§ **Brief**
Would you please transcribe the records below exactly, leaving out the pictures?
(Entries supplied)
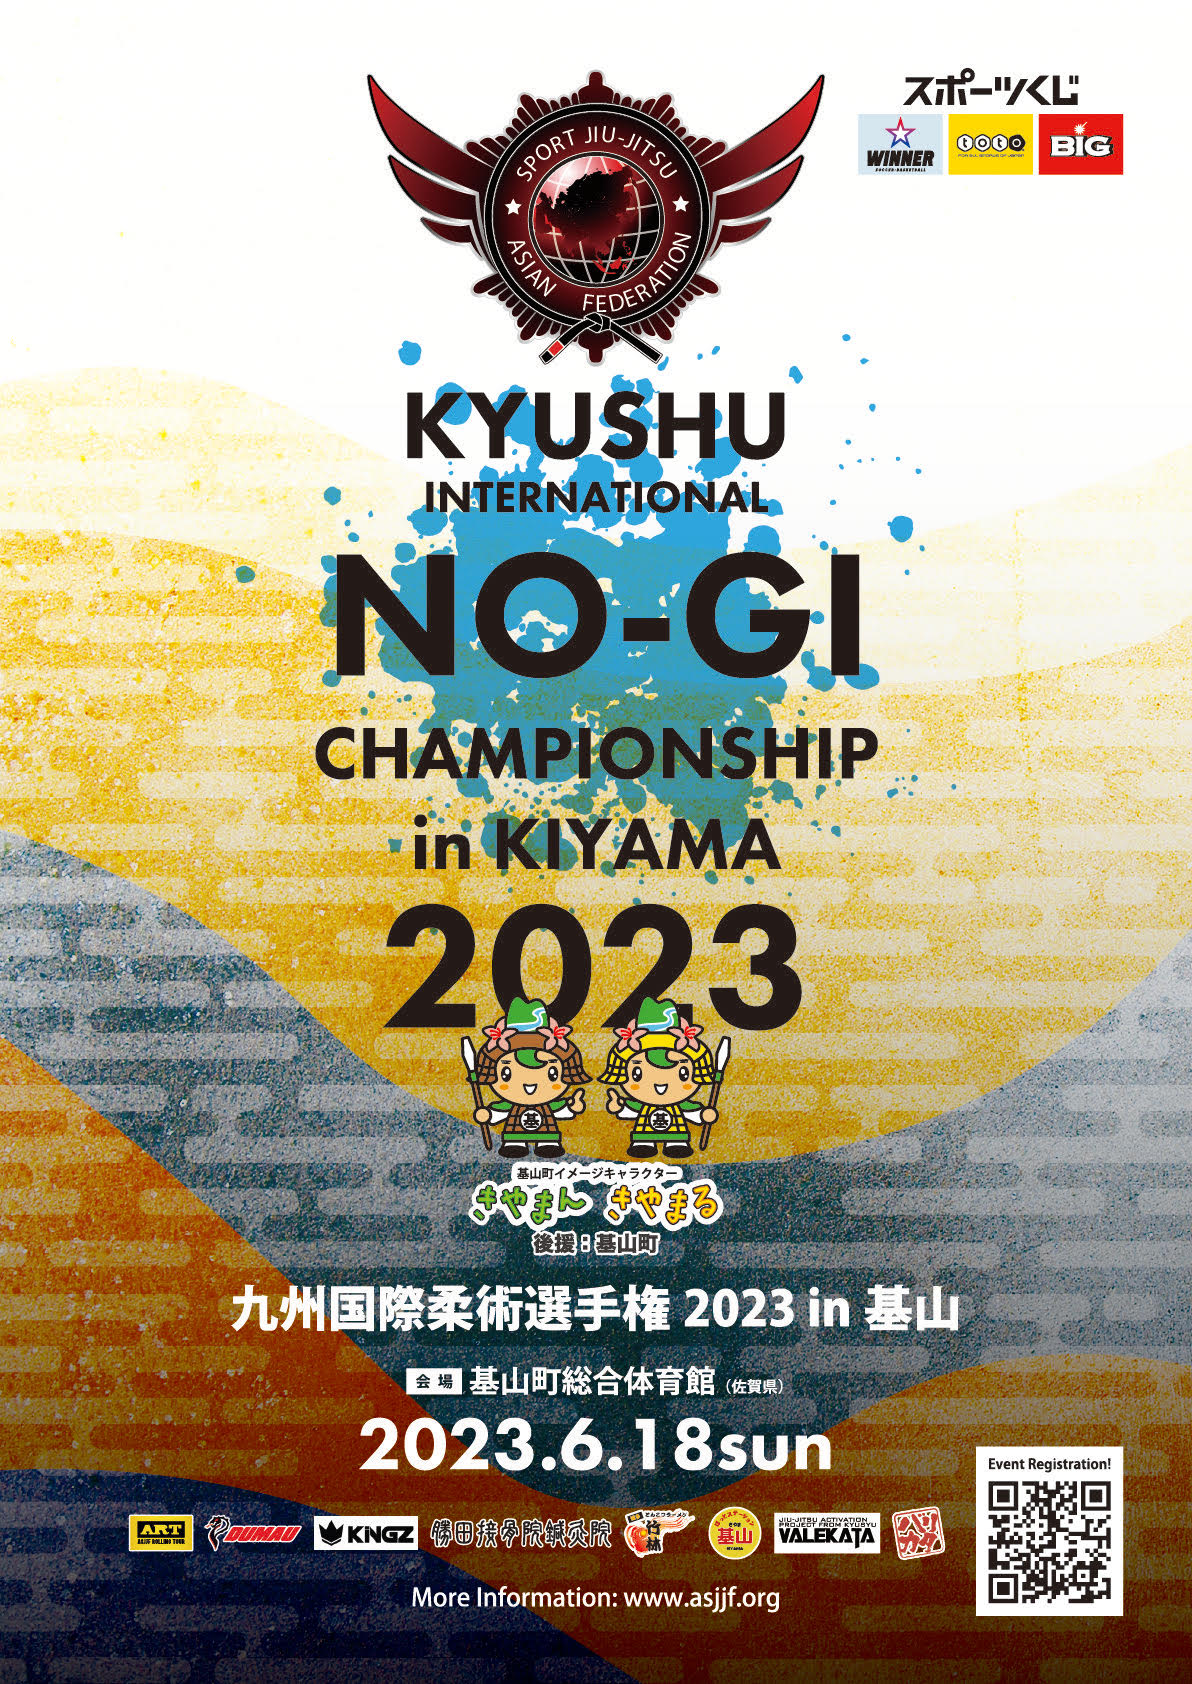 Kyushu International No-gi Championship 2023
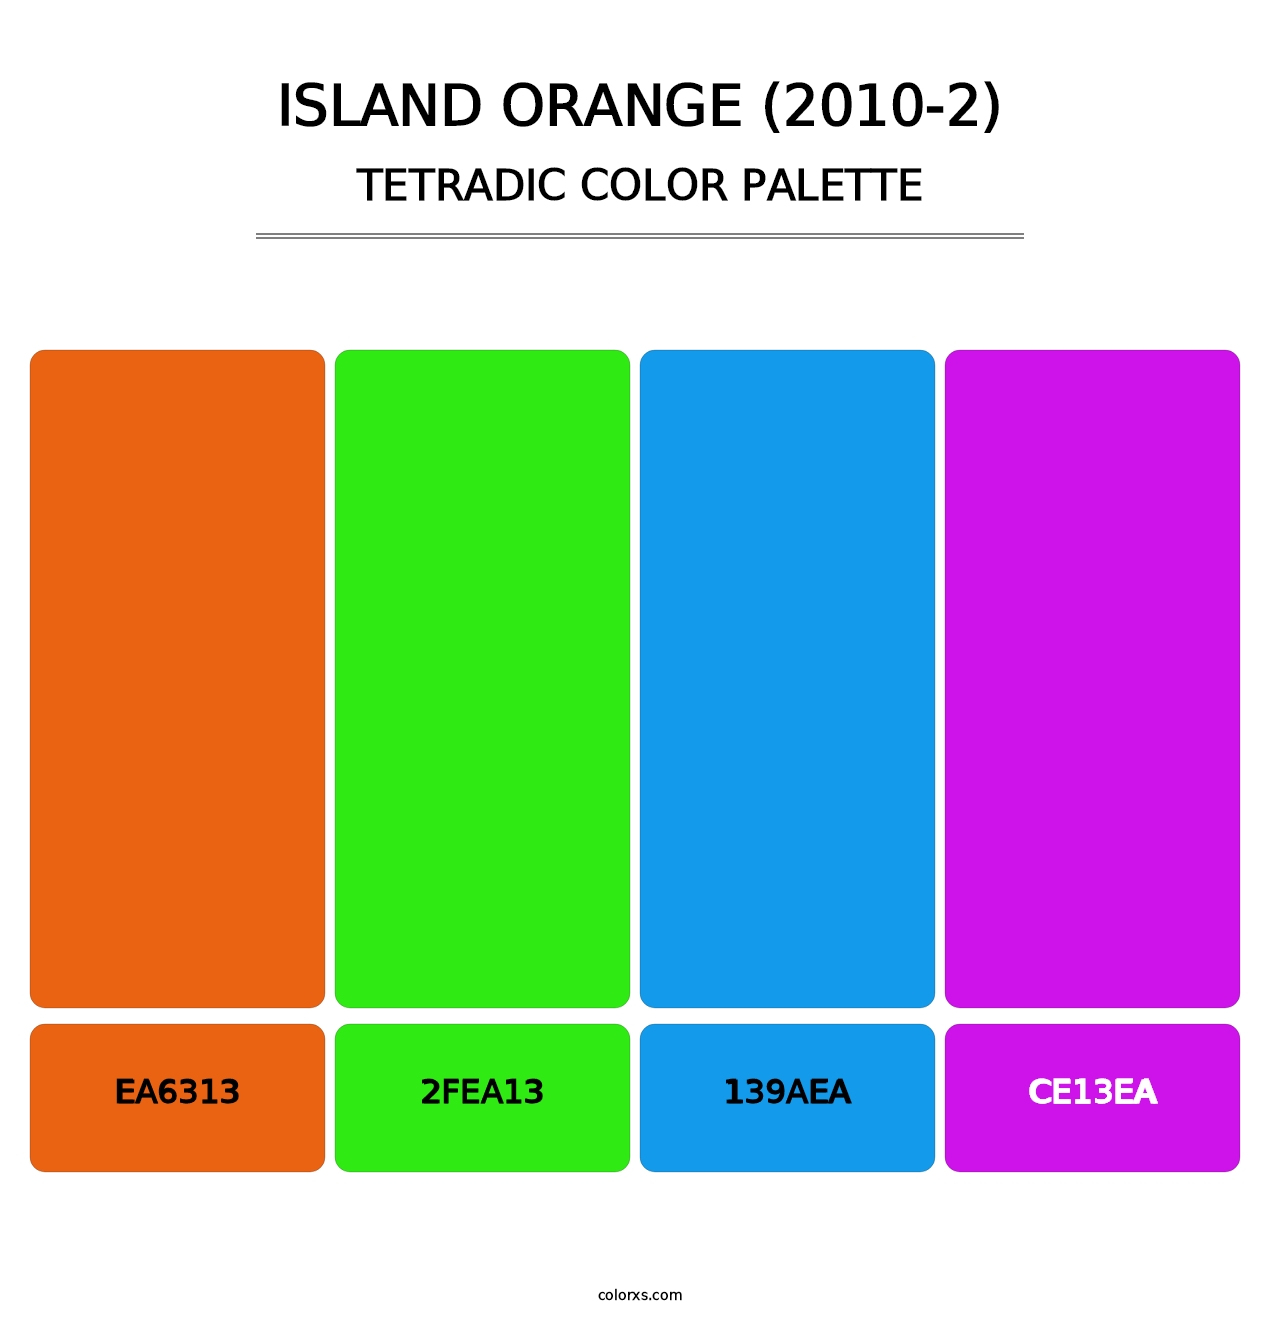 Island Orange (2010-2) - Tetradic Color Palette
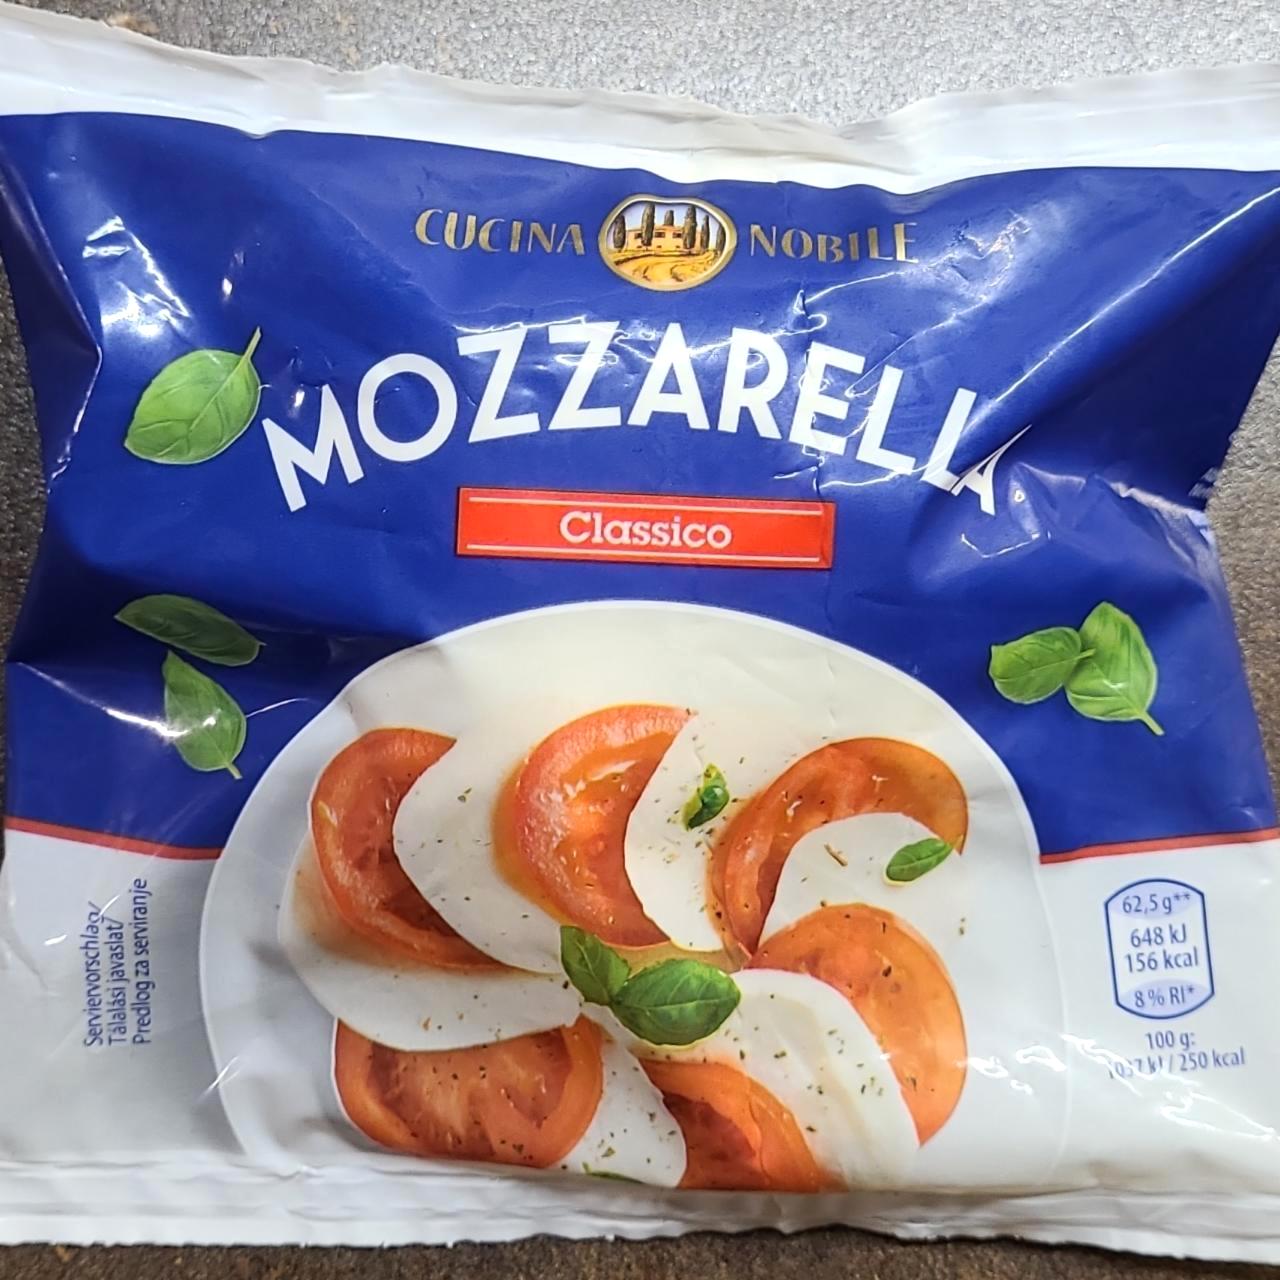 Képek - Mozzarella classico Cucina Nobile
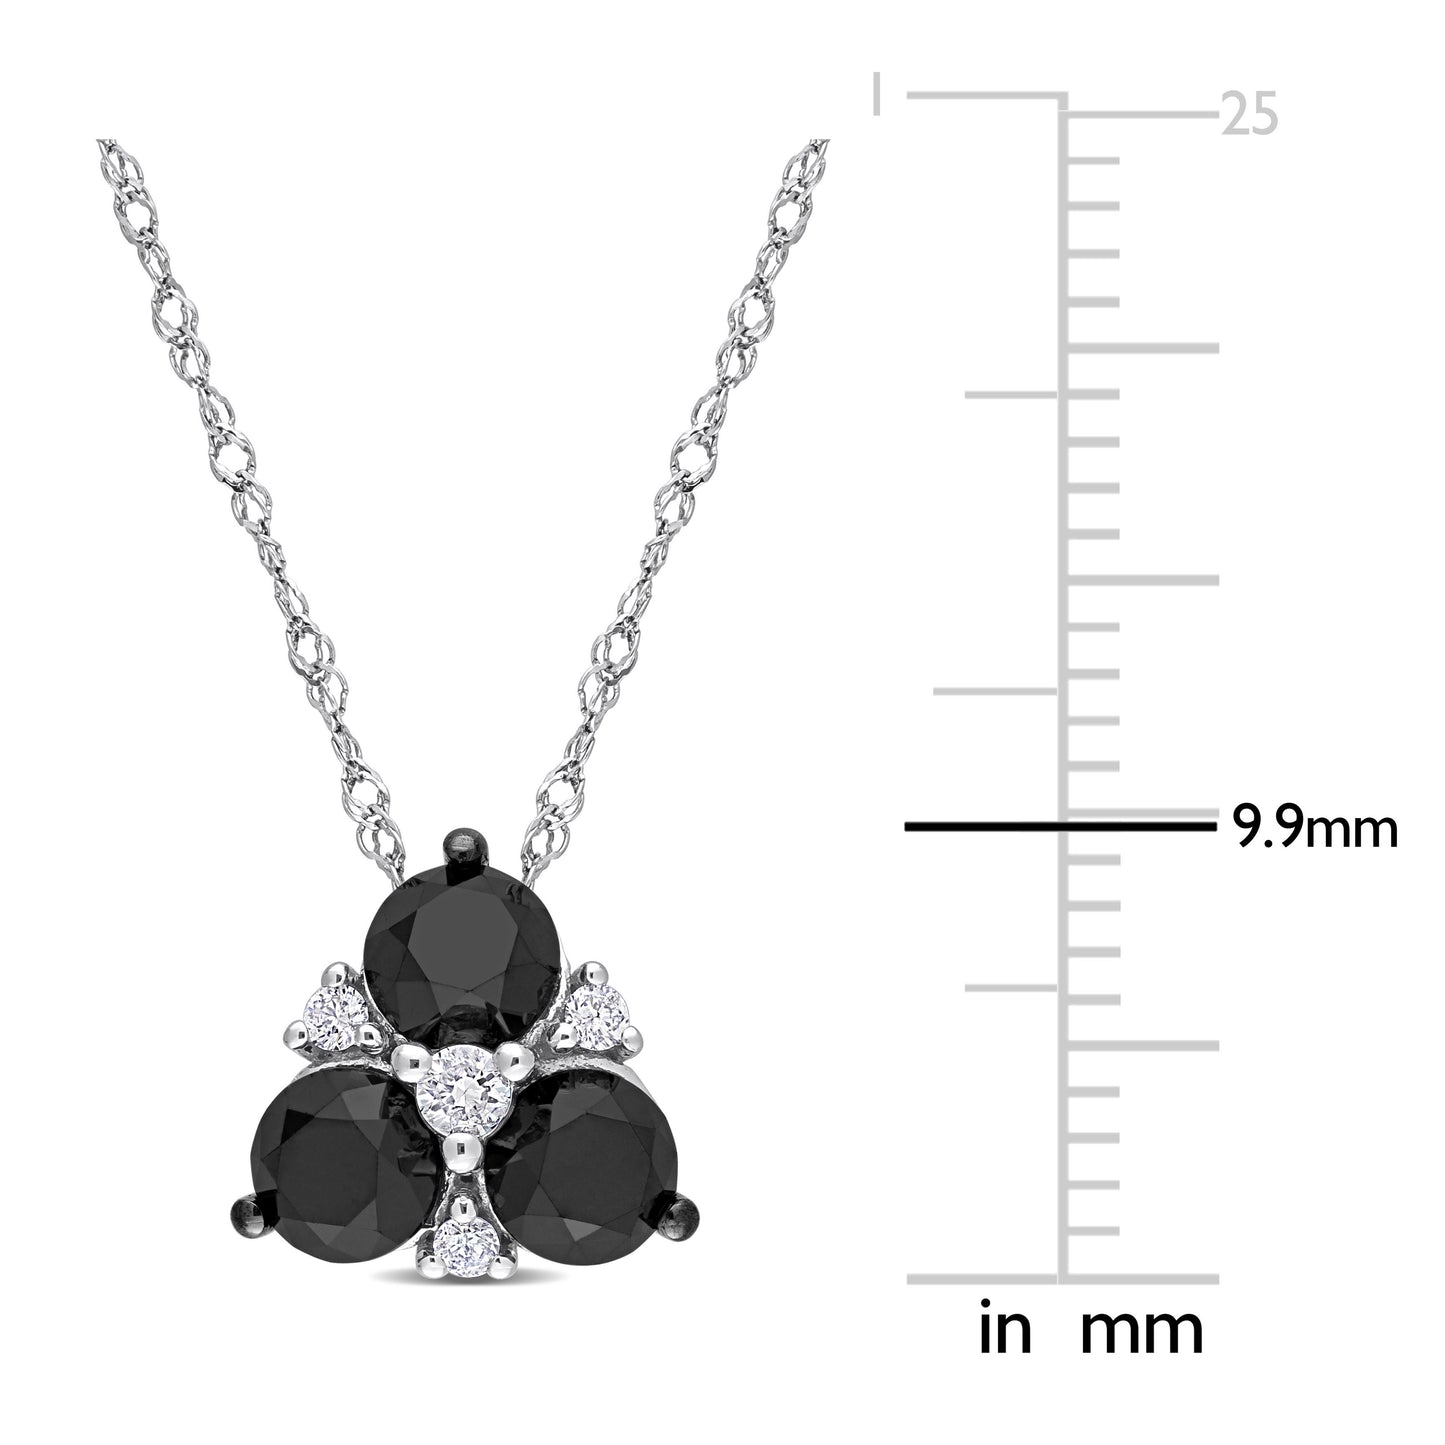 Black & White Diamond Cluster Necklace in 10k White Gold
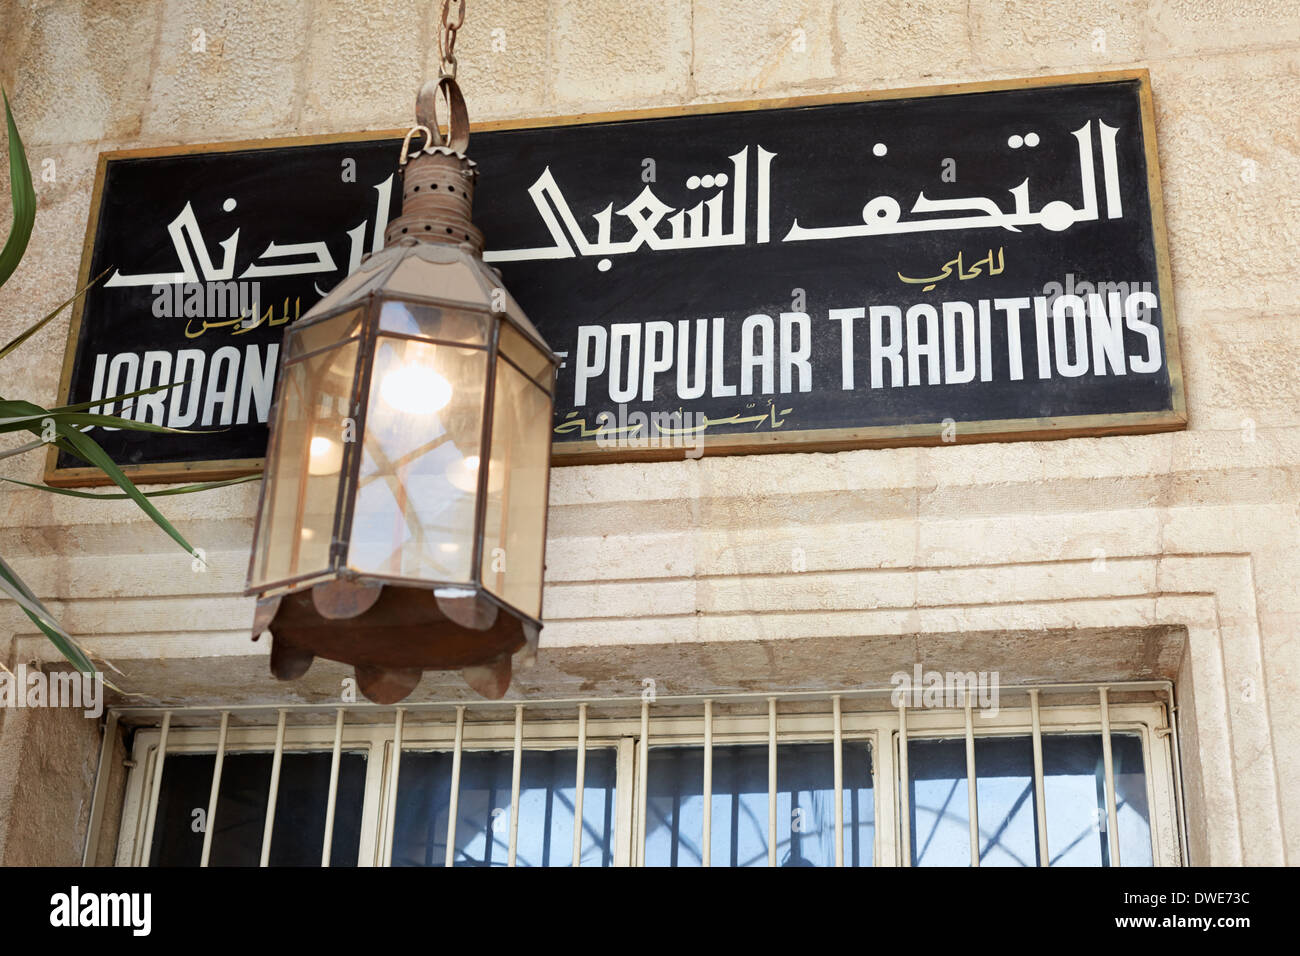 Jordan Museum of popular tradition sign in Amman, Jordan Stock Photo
(End Entries supplied)
§ **Task result**
 Kyushu International No-gi Championship 2023
 Island Orange (2010-2) - Tetradic Color Palette
 Képek - Mozzarella classico Cucina Nobile
 Black & White Diamond Cluster Necklace in 10k White Gold
 Jordan Museum of popular tradition sign in Amman, Jordan Stock Photo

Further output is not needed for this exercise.